Run the example with:

bash
$ pixi run start

The source code is derived from the Llama Index documentation. This particular set of tools and libraries was selected to show that production-grade deployments are possible with Pixi. The selected libraries in here are fairly lightweight and run a very advanced model locally.

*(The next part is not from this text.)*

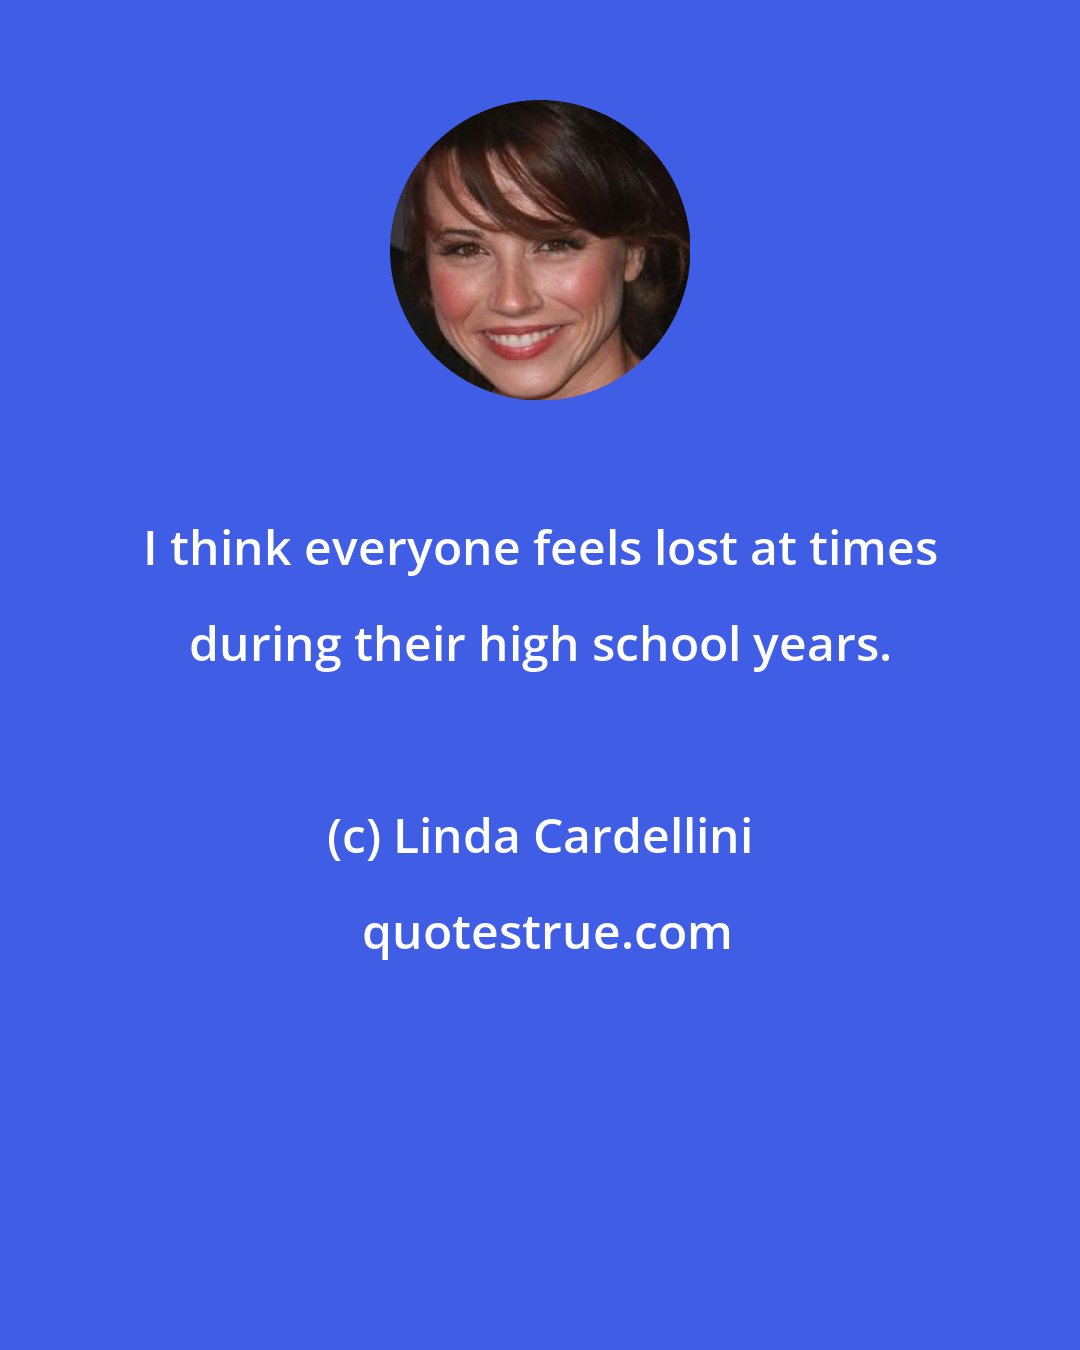 Linda Cardellini: I think everyone feels lost at times during their high school years.

This was the performance I received on my local M1 Max machine:

bash
llama_print_timings:        load time =    2043.14 ms
llama_print_timings:      sample time =      22.51 ms /   247 runs   (    0.09 ms per token, 10973.88 tokens per second)
llama_print_timings: prompt eval time =    2043.03 ms /    71 tokens (   28.78 ms per token,    34.75 tokens per second)
llama_print_timings:        eval time =   17786.87 ms /   246 runs   (   72.30 ms per token,    13.83 tokens per second)
llama_print_timings:       total time =   19959.11 ms /   317 tokens

Opportunities for improvement:

  • Modify for Linux / CUDA environments to demonstrate a more practical production stack.
  • Enhance the pipeline with a RAG workflow, which is what Llama Index is good at.
  • Experiment with different GGUF models for a quality / performance balance that fits your hardware.